= Paolo Bozzini =

Italian painter

Paolo Bozzini (25 January 1815 – 1892) was an Italian painter.

==Biography==
He was born in Piacenza. He began his studies under Carlo Maria Viganoni in his native city; the patronage of doctor Lodovico Guglieri, allowed him to travel to Rome to work in the studios of Cammuccini, and Podesti. The later was a close mentor. The priest Luigi Rezzi, also from Piacenza and a professor at the University of the Sapienza in Rome, also helped him design works. He died from progressive paralysis.

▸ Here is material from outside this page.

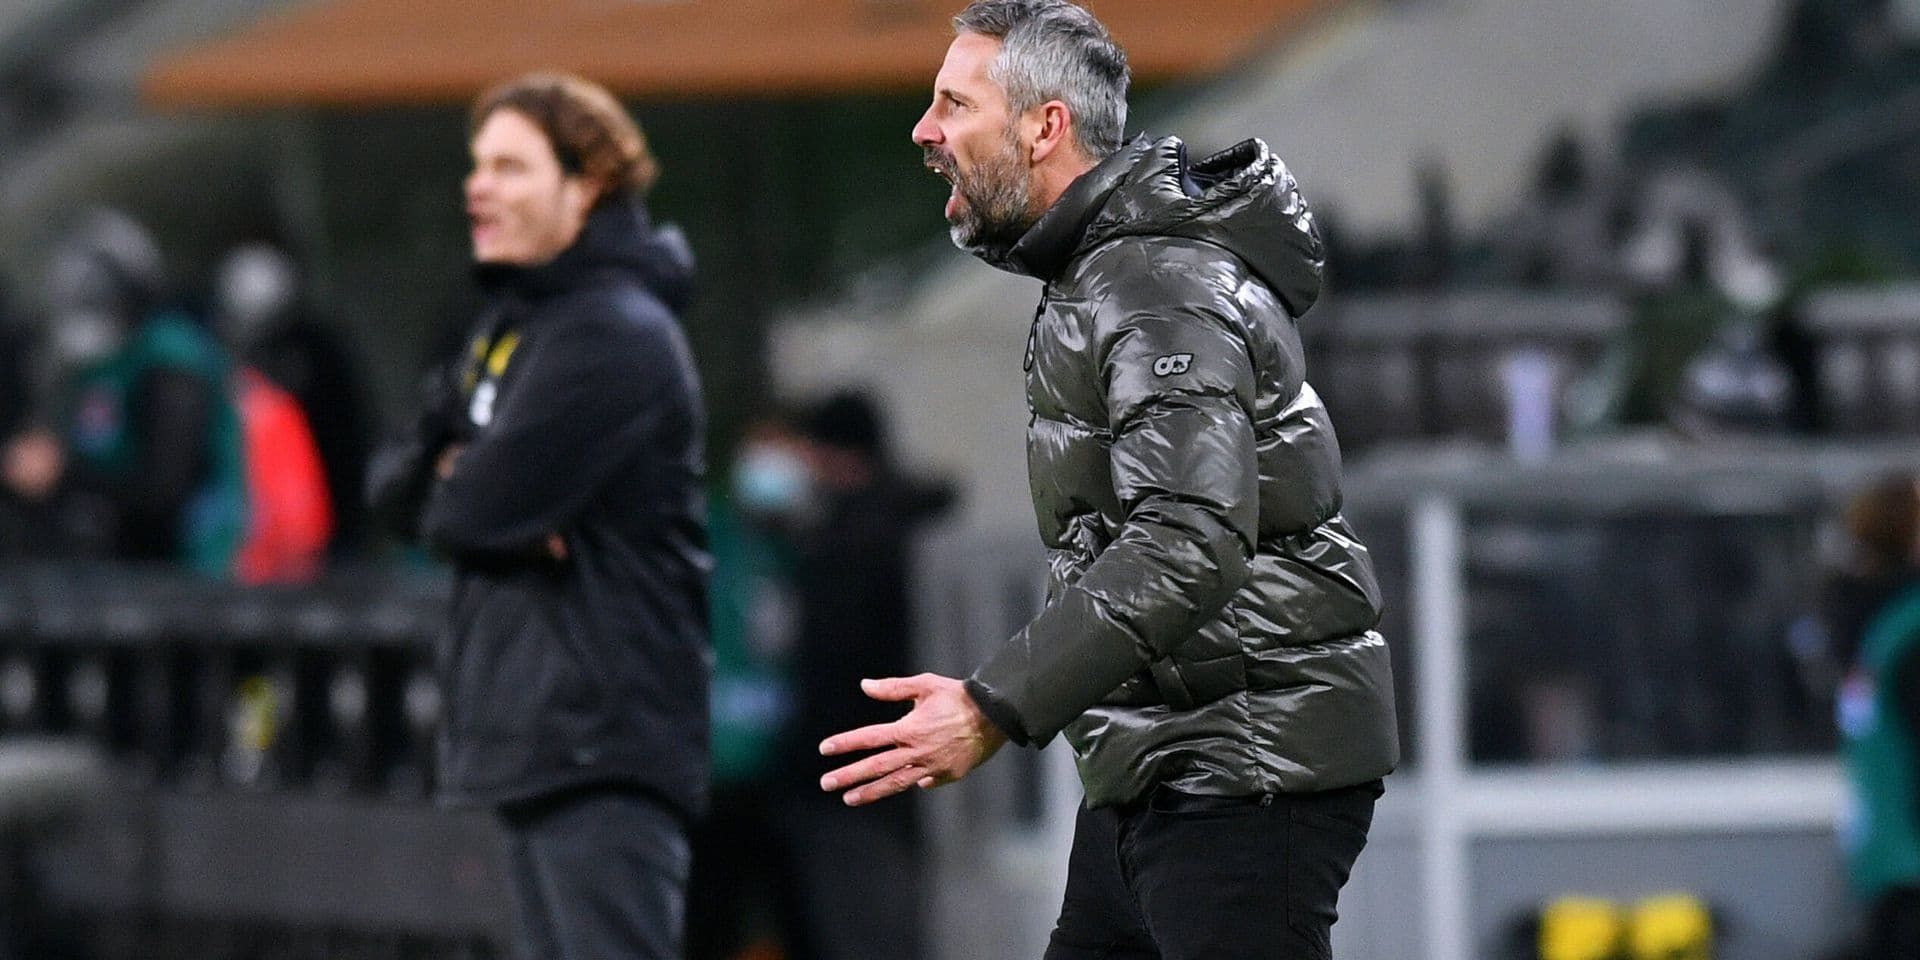 Cheftrainer Marco Rose (BMG), Cheftrainer Edin Terzic (BVB). Aktion Fussball, Bundesliga, Deutschland, Herren, Saison 2

Among his works in Piacenza: the altarpiece at the Sacristy of the Cathedral of Piacenza, representing the moment before the martyrdom of Santa Giustina; The arrest of Pandolfo Collenuccio of Pesaro; Filippo Arcelli assists the needs of his brother and son from a window in the Castle of Sant'Antonino in Piacenza; Giulio Alberovi presents the portrait of Elisabeth Farnese to Phillip V, King of Spain; Defense of Piacenza against the siege of Francesco Sforza; Correggio shows his St Jerome in his studio at a Nun; Garibaldi embarks from Marseille; Apotheosis of St Rocco for the church of the same name; Jeremiah predicts the captivity to the Hebrews; Death of Matatia; Apotheosis of San Ludovico. His daughter Candida Luigia Bozzini was also a painter.